You can check the first article of this series: Big Data: Get the data
After having the data, next step is to have a Hadoop cluster or single machine installation to "upload" the data and run the processes.
Even that Hadoop is meant to run on lots and lots of machines at the same time, we can make a single virtual machine installation to run tests and start hacking with it.
If the purpose of your Hadoop learning is just for programming and not be a full system administrator, this is a good way to start.
- There is no need to buy and build several machines
- All inside your own machine
- Running in minutes
- Slower than a real cluster
- Just for testing purposes
Create the Virtual Machine
It comes out of the box with Hadoop, HBase, ZooKeeper, Hive, etc. Just take a look at the sandbox page to see all the details.
Just wait to full start of the machine and you will get a screen with the instructions. It lets you:
- Enter the web interface on http://127.0.0.1:8888/ (Asks for registration). It gives you tutorials and tool preferences.
- SSH the server with ssh email@example.com -p 2222, the password is "hadoop".
- Change to another console inside the virtual machine with Alt+F5
Start hacking with Hadoop
For testing that it works, let's run a little test using Hadoop.
Upload data to HDFS
To allow access to the data into Hadoop environment, we use HDFS (Hadoop Distributed File System). It holds and manages the files and allows access to the processes. In a multi-server environment, HDFS would replicate and share data between several machines.
Note: Some command are run from the client and other are run inside the VM.
The user to log and access by ssh is hue, the default user for the web interface.
Create the 'boe' folder: this folder will hold the input data to our job.
ssh firstname.lastname@example.org -p 2222 "hdfs dfs -mkdir boe"
Upload BOE-A-2013-1 file to boe/BOE-A-2013-1 file on HDFS. The cat command avoids to upload the file to the VM and then to the HDFS.
cat BOE-A-2013-1 | ssh email@example.com -p 2222 "hdfs dfs -put - boe/BOE-A-2013-1"
It is possible to check the results on the web interface http://127.0.0.1:8000/filebrowser/
Run a test map/reduce job
Log on the VM and download the wordcount.jar, it contains the java classes to run the job.
ssh firstname.lastname@example.org -p 2222 [hue@sandbox ~]$ wget https://github.com/jmaister/wordcount/blob/master/wordcount.jar?raw=true
Execute the JAR with hadoop.
[hue@sandbox ~]$ hadoop jar wordcount.jar com.jordiburgos.WordCount boe wordcountout ... ... INFO mapreduce.Job: The url to track the job: ...:8088/proxy/application_1386615892390_0013/ ... INFO mapreduce.Job: Running job: job_1386615892390_0013 ... INFO mapreduce.Job: Job job_1386615892390_0013 running in uber mode : false ... INFO mapreduce.Job: map 0% reduce 0% ... INFO mapreduce.Job: map 100% reduce 0% ... INFO mapreduce.Job: map 100% reduce 100% ... INFO mapreduce.Job: Job job_1386615892390_0013 completed successfully ... INFO mapreduce.Job: Counters: 43 File System Counters... Job Counters... Map-Reduce Framework...
Now that the job has ended, the results are available con the wordcountout HFDS folder. There are two options to see the results. http://127.0.0.1:8000/filebrowser/ or using and HDFS command:
[hue@sandbox ~]$ hdfs dfs -cat "wordcountout/part-r-00000" CONFORMIDAD 1 ESS/1/2012, 4 ESS/2825/2012, 1 El 1 Empleo 4 Laboral 1 Ley 3 Ministerio 2 Ministra 1 Oficial 2 Orden 5 Seguridad 4 Social 1 ...

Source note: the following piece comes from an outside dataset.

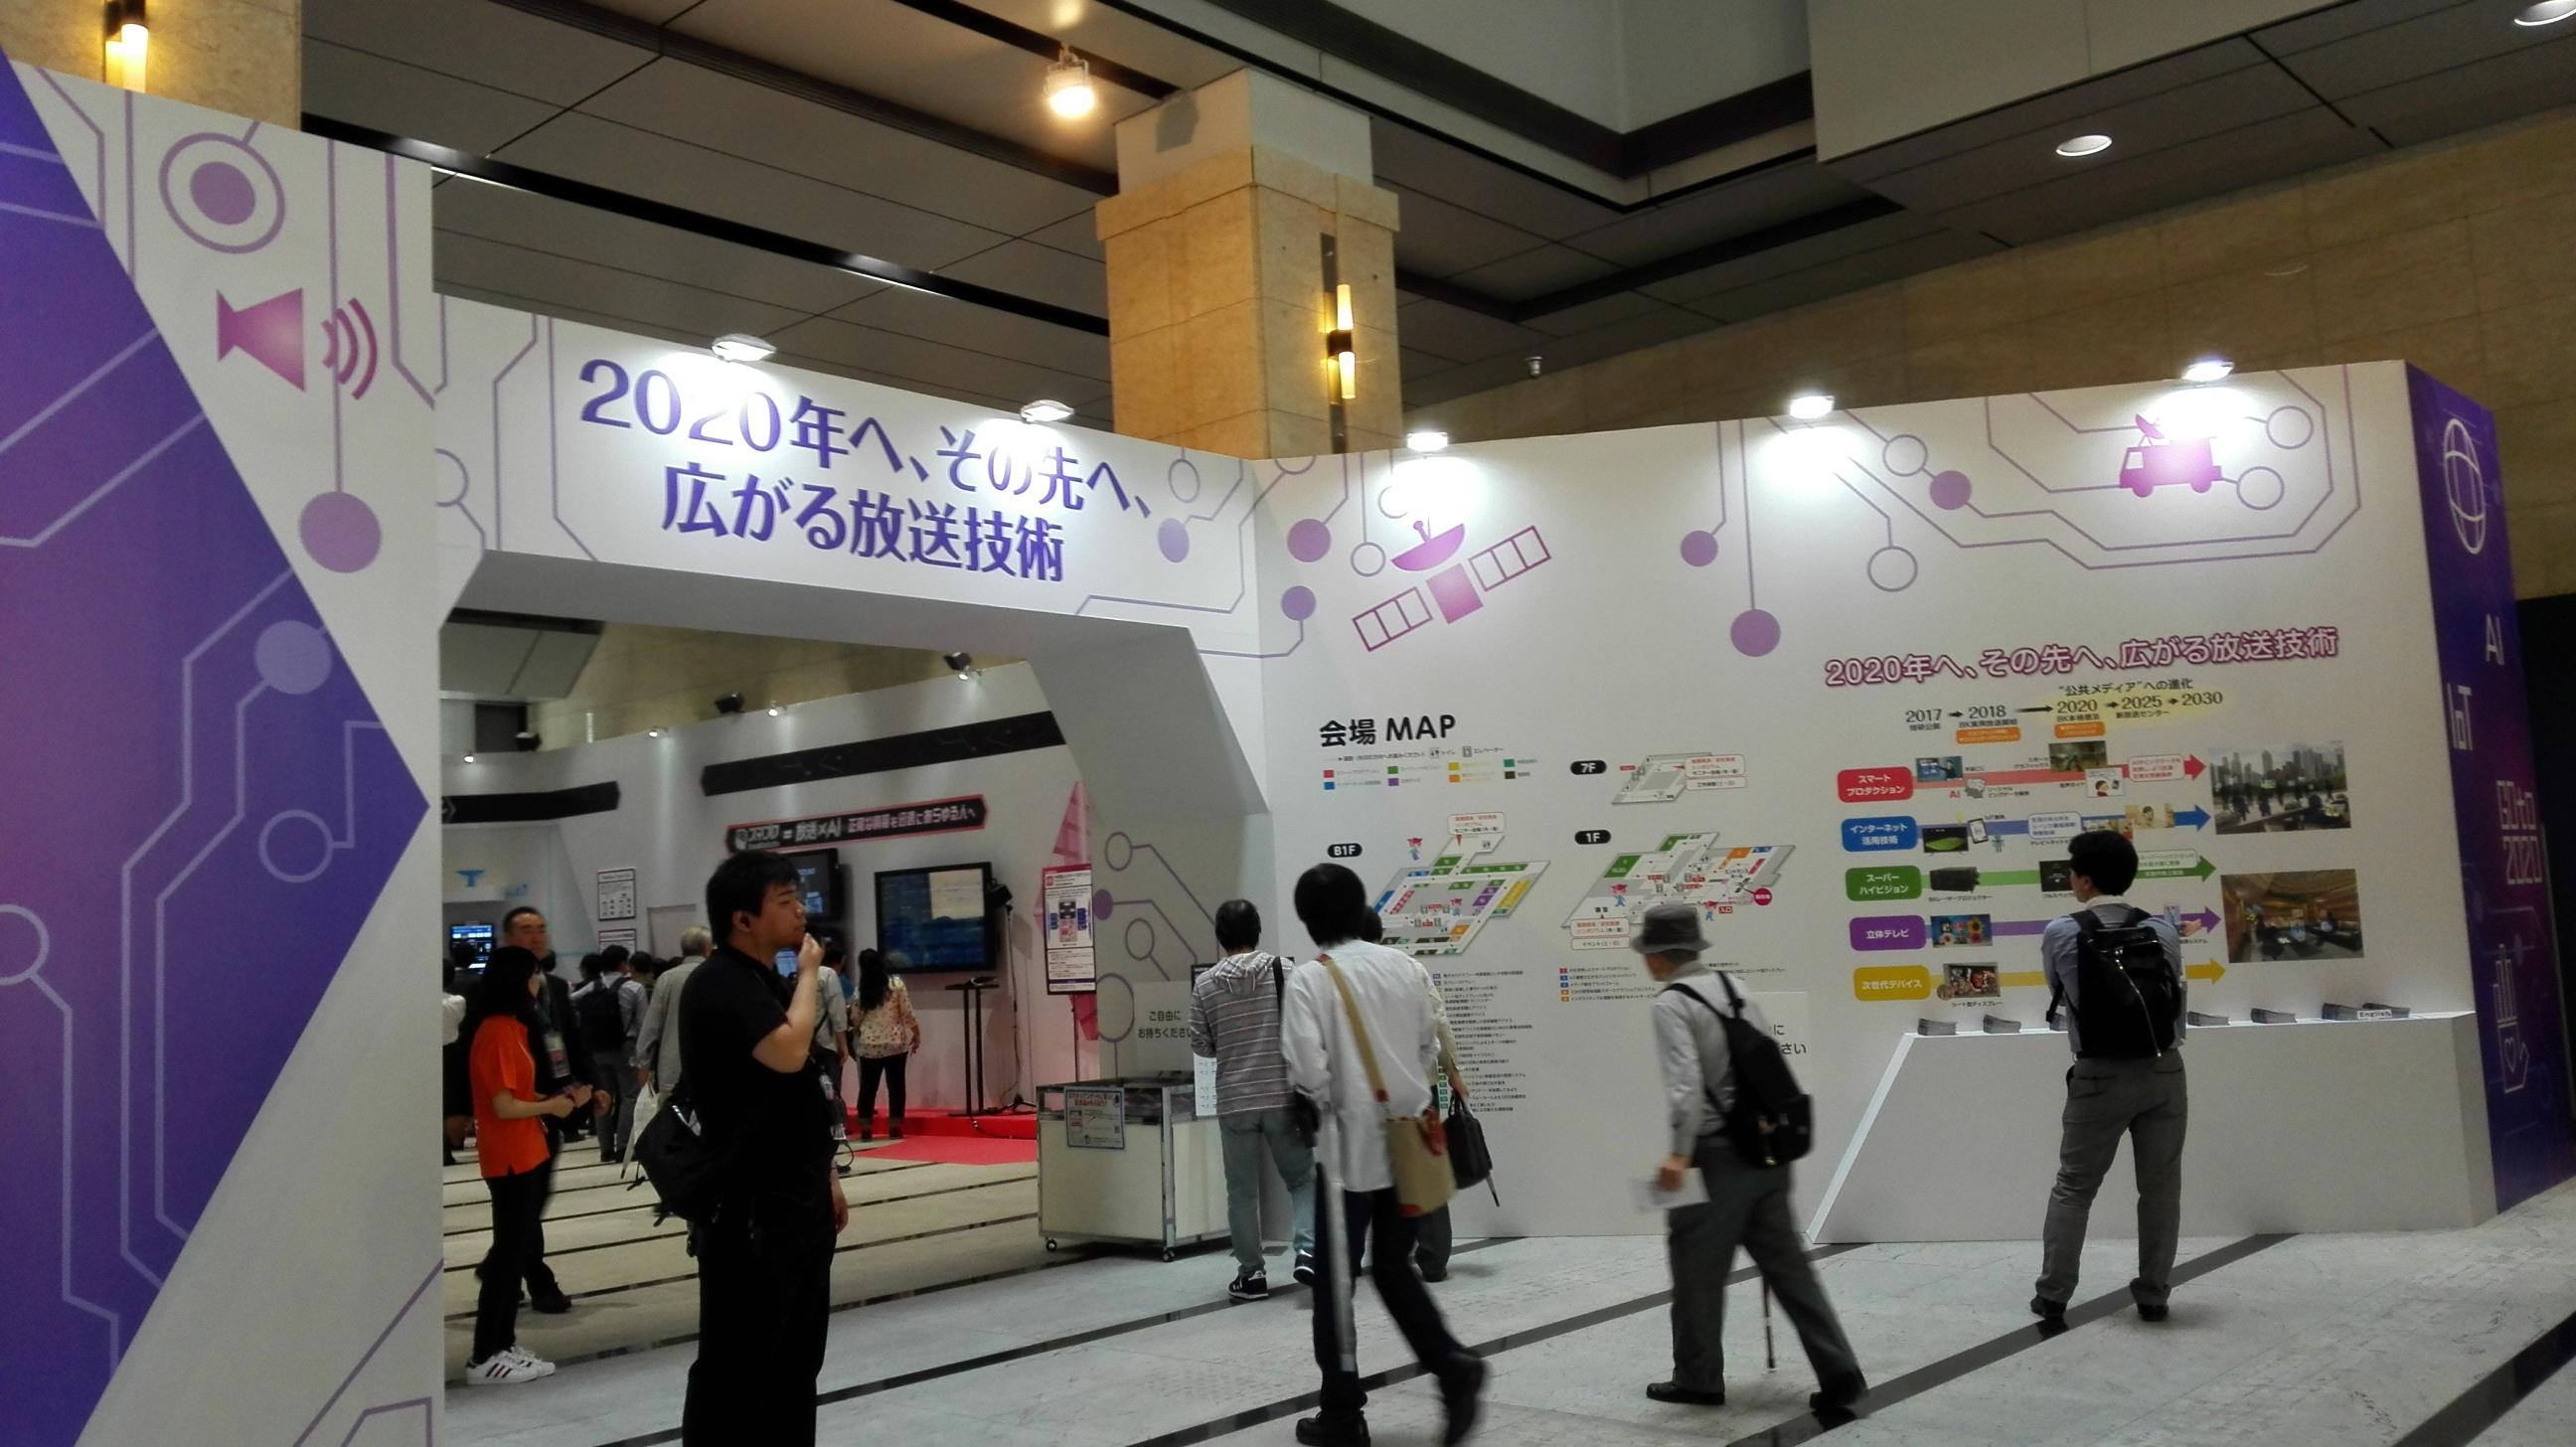 NHK技研公開2017基調講演から考える、「2020年その先のテレビ」〜関根禎嘉連載・メディアイベント右往左往《第5回》〜

The result is a file with the words and the number of occurrences. Quite easy and fast with any programming language, but this is juast a test.
The single node hadoop is now up and running and we can send jobs to be executed.
On next articles of the series, a better example of a MapReduce implementation will be done. To read and process all the XML files from the first article: Big Data: Get the data.
Also, there will be room for another article how to automatically build the JAR for running the Hadoop job.